In an interview Brooks stated that her inspiration for the poem came from her walking in her community and passing a pool hall full of boys. When considering this she thought to herself “I wonder how they feel about themselves?” Instead of wondering about why they were not in school, Brooks captured this scene and turned it into the seven pool players at the Golden Shovel.

== Themes and meaning ==
The poem covers a multitude of themes despite its short length, including rebellion and youth. The unique structure offers a subtitle at the beginning of the poem where Brooks writes "The Pool Players / Seven at the Golden Shovel". This gives the poem its characters and setting.

Brooks also said that the seven pool players in the poem are fighting the establishment with their rebellious actions. She states that the establishment is represented by the month of June. In the same interview, Brooks explains how the poem has even been banned in some areas due to the use of the word "jazz" due to a perceived sexual nature — which, Brooks said, was not her intention, as she simply intended for it to represent music.

== In popular culture ==

The poem inspired Terrance Hayes' creation of the poetic form "golden shovel".
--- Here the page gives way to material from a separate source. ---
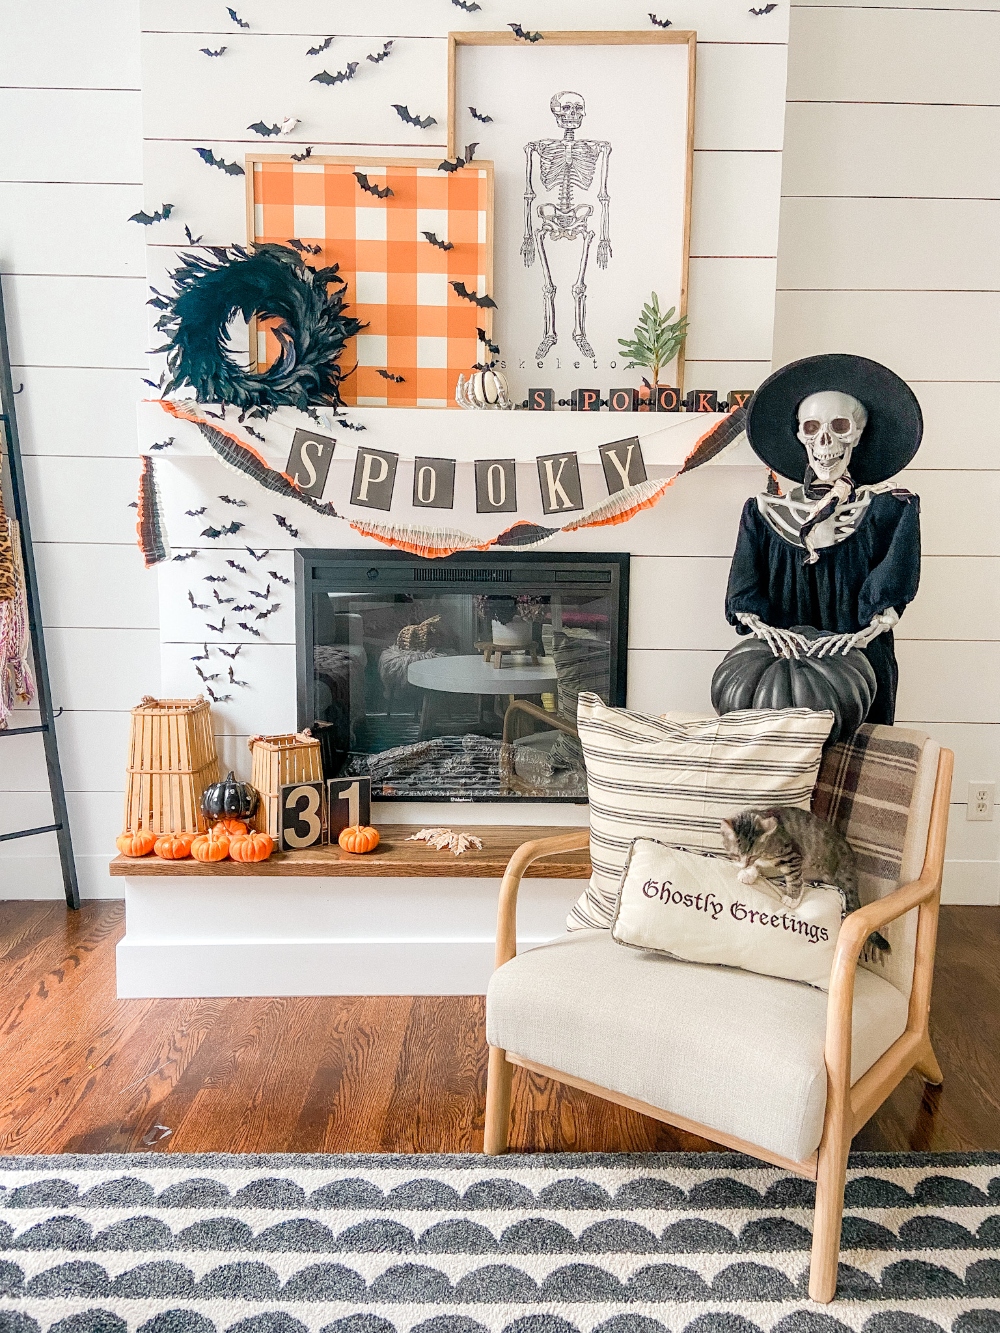 Spooky Halloween Decor and Mantel. Add some spooky charm to your home with these easy Halloween ideas!

The poem was printed in the booklet of Chicago metalcore band The Killing Tree's 2003 We Sing Sin, whose title is a reference to the poem.

It is referenced in the song "We Real Cool" by the band Nick Cave and the Bad Seeds on their 2013 album Push the Sky Away.

The band The Jazz June takes their name from this poem.

The poem is featured in Dominique Morisseau's 2017 play Pipeline.

The poem is referenced in Bruce Springsteen's song "Rosalita (Come Out Tonight)."

The poem is heavily referenced in Lucky Boys Confusion's song "Gwendolyn B. Sings Sin" from the Album "Growing Out Of It".

The poem is referenced as the title of bell hooks's book We Real Cool: Black Men and Masculinity.

The song "Gwendolynn's Apprehension" by rapper Mick Jenkins, from 2018 album Pieces of a Man quotes most of the poem in its chorus.